3. Implementing Application Graceful Shutdowns

PM2 sends a SIGINT trigger to your process before shutting it down. If your application doesn’t handle this signal, it terminates instantly, dropping all connections mid-transaction.

You must catch the SIGINT event, close the HTTP port to block new inbound traffic, finish active queries, and release database pools:

// ✅ Professional graceful shutdown hook in server.js
process.on('SIGINT', () => {
  console.log('SIGINT signal received. Starting graceful shutdown sequence...');

  // Stop the HTTP server from accepting new socket sessions
  server.close(async () => {
    console.log('HTTP server successfully closed.');

    try {
      // Release database connection pools cleanly
      await db.end();
      console.log('Database pools released. Exiting cleanly.');
      process.exit(0);
    } catch (err) {
      console.error('Error during database teardown:', err);
      process.exit(1);
    }
  });

  // Force close after a 6-second timeout block if connections hang
  setTimeout(() => {
    console.warn('Forced shutdown active: connections did not close in time.');
    process.exit(1);
  }, 6000);
});

4. Configuring NGINX Load-Balancing

NGINX is our front-door gateway. The key configurations for zero-downtime routing include setting up an upstream pool and instructing NGINX to pass traffic to active processes on failures:

upstream mealpe_backend {
    server 127.0.0.1:3000;
    keepalive 64; # Keep connection channels open to reduce latency
}

server {
    listen 443 ssl http2;
    server_name api.mealpe.in;

    location / {
        proxy_pass http://mealpe_backend;
        proxy_http_version 1.1;
        proxy_set_header Connection "";
        proxy_set_header Host $host;
        proxy_set_header X-Real-IP $remote_addr;
        proxy_set_header X-Forwarded-For $proxy_add_x_forwarded_for;

        # 🚀 Crucial: if one instance is reloading, try next active worker
        proxy_next_upstream error timeout http_502 http_503;
        proxy_connect_timeout 3s;
        proxy_read_timeout 15s;
    }
}

By adding proxy_next_upstream, if an instance is in the middle of reloading and drops a connection, NGINX instantly retries the query on a sibling process. The client has zero awareness of the deploy event.

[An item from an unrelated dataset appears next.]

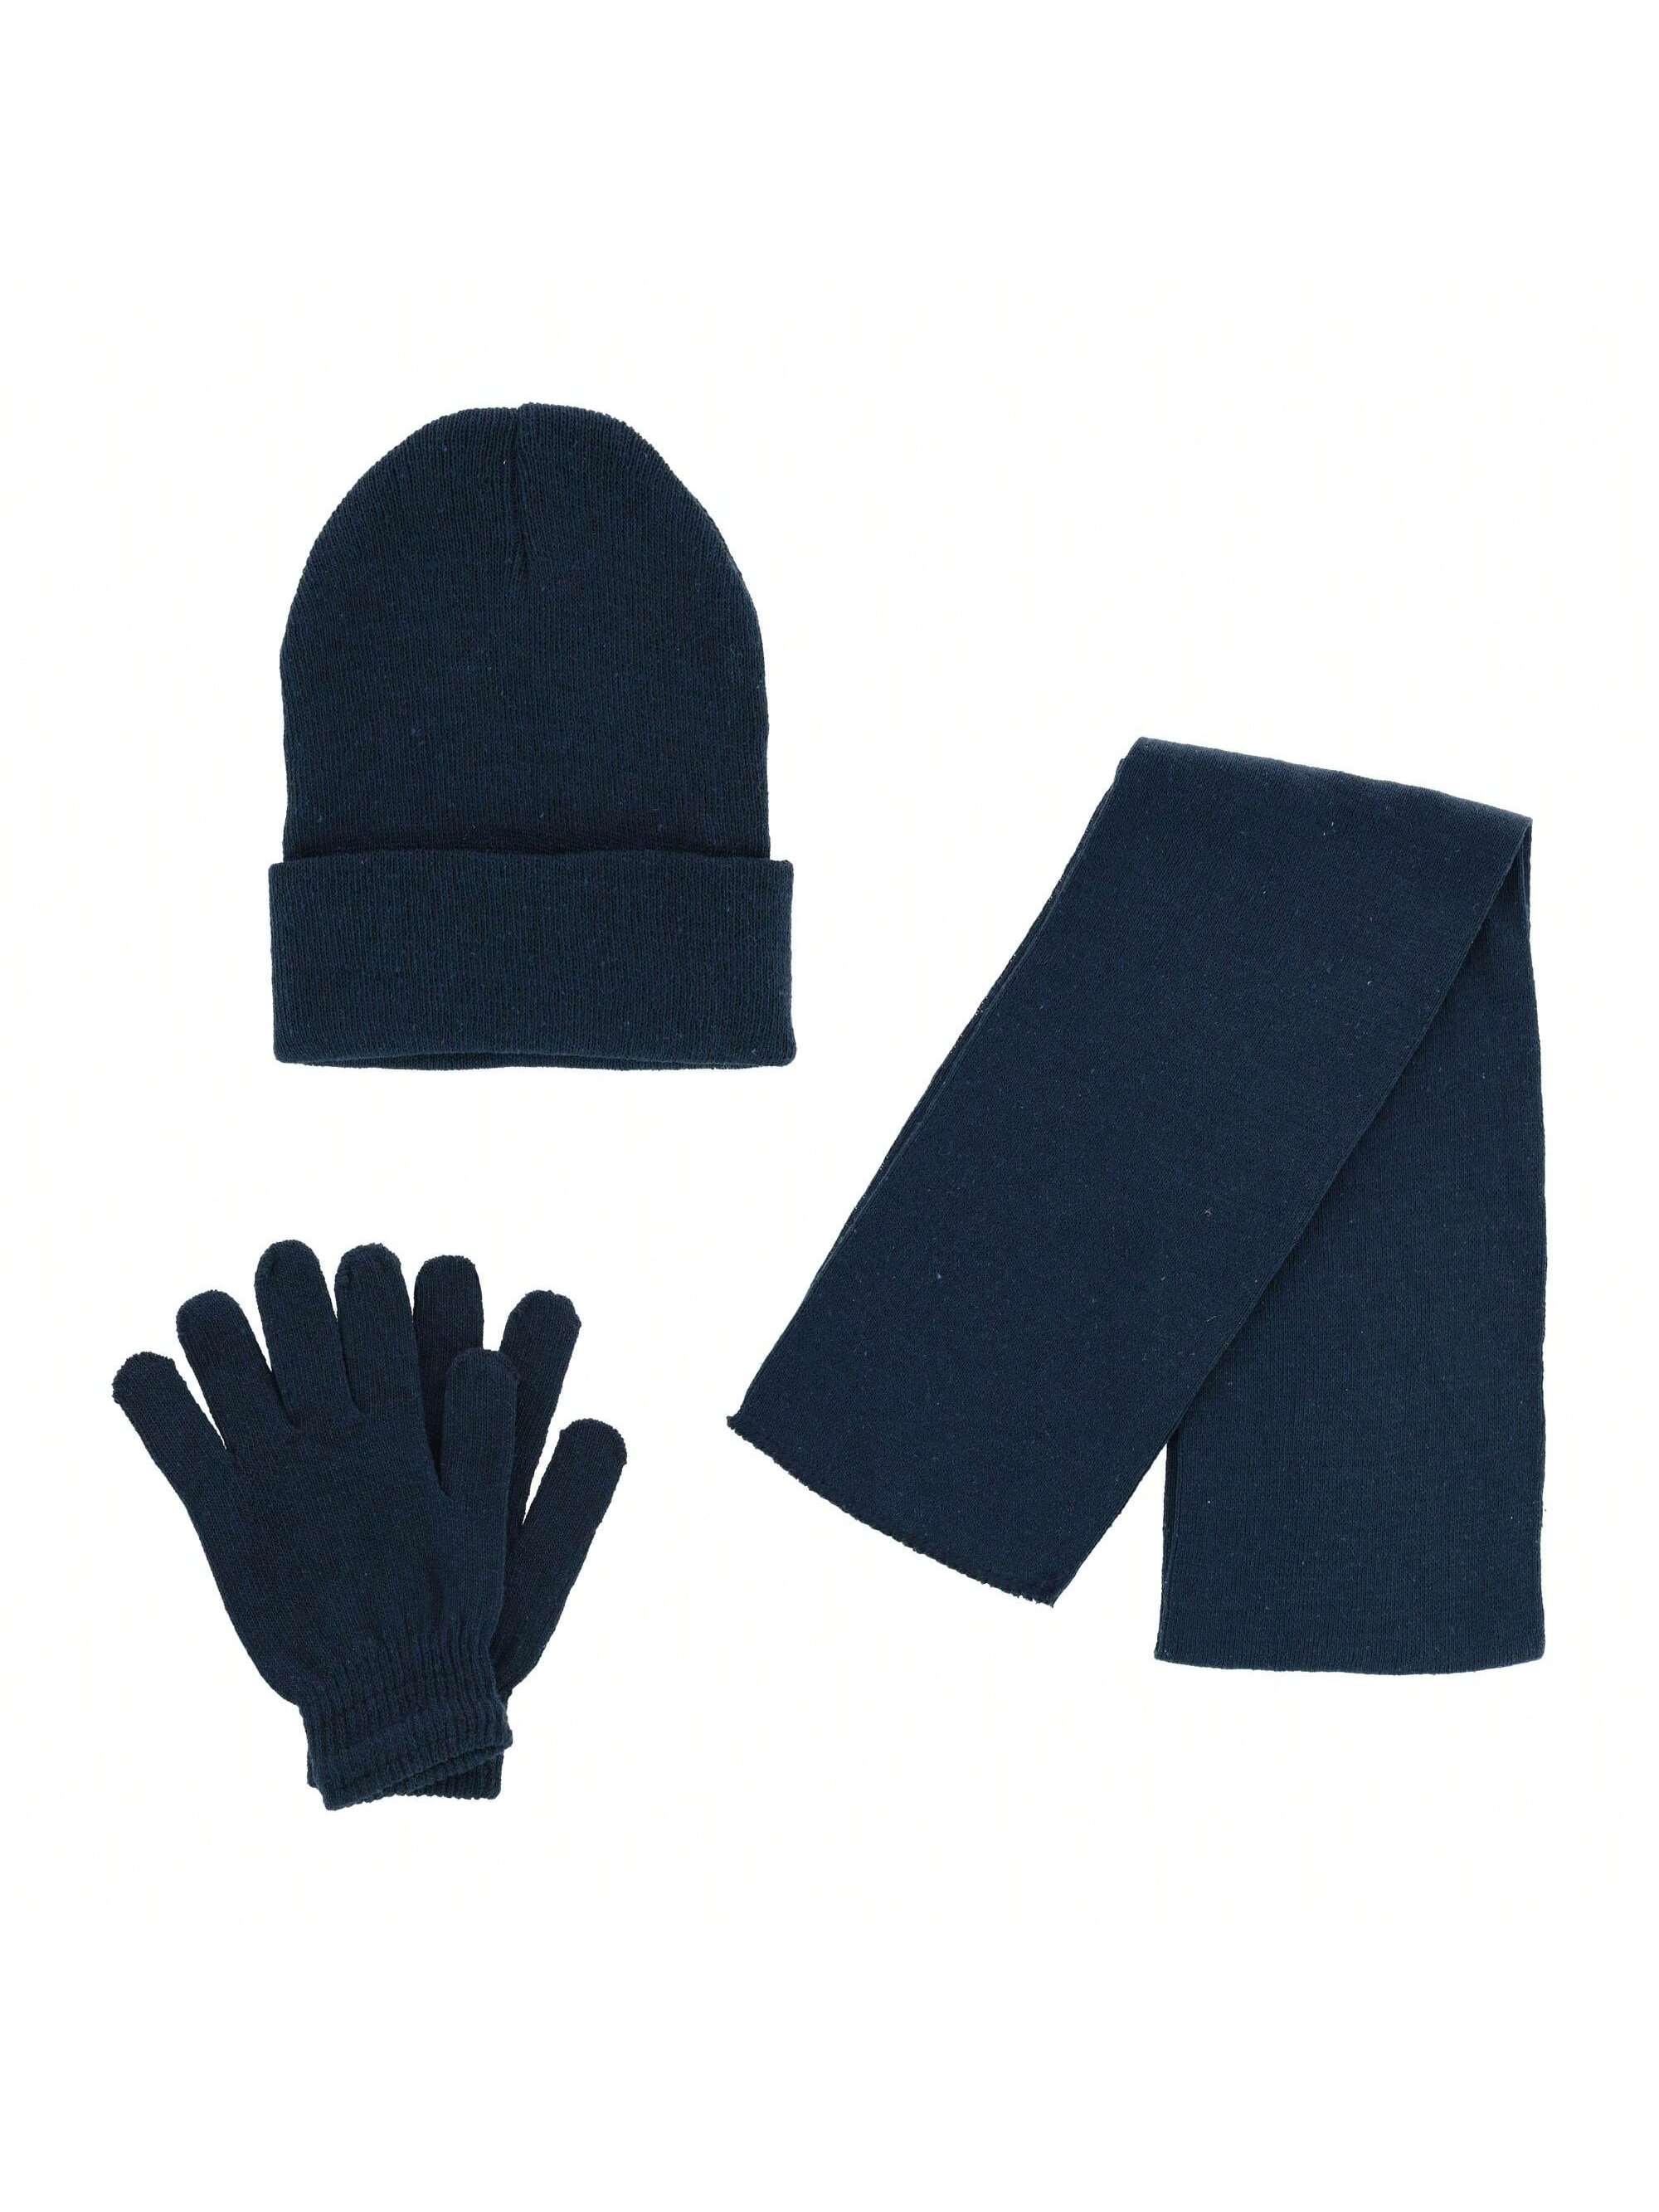 Базовая шапка-бини CTM, комплект из шарфа и перчаток, темно-синий комплект аксессуаров ctm carmk034 белый

5. Webhook CI/CD Automation

To secure execution, we set up a lightweight deployment daemon on our EC2 instance that exposes a secured webhook route. When a PR merges into main on GitHub, our actions pipeline runs tests, builds the typescript bundle, and pings the webhook:

# GitHub Actions CI deployment step
- name: Trigger Server Deploy Webhook
  run: |
    curl -X POST \
      -H "X-Hub-Signature: sha256=${{ secrets.DEPLOY_SECRET }}" \
      https://api.mealpe.in/webhooks/deploy

This triggers the automated deploy.sh script locally on the server.


The Outcome

  • 0 seconds of user-facing downtime recorded.
  • 45-second deployment pipeline from git merge to production availability.
  • Confidence to deploy minor changes and hotfixes safely during standard hours.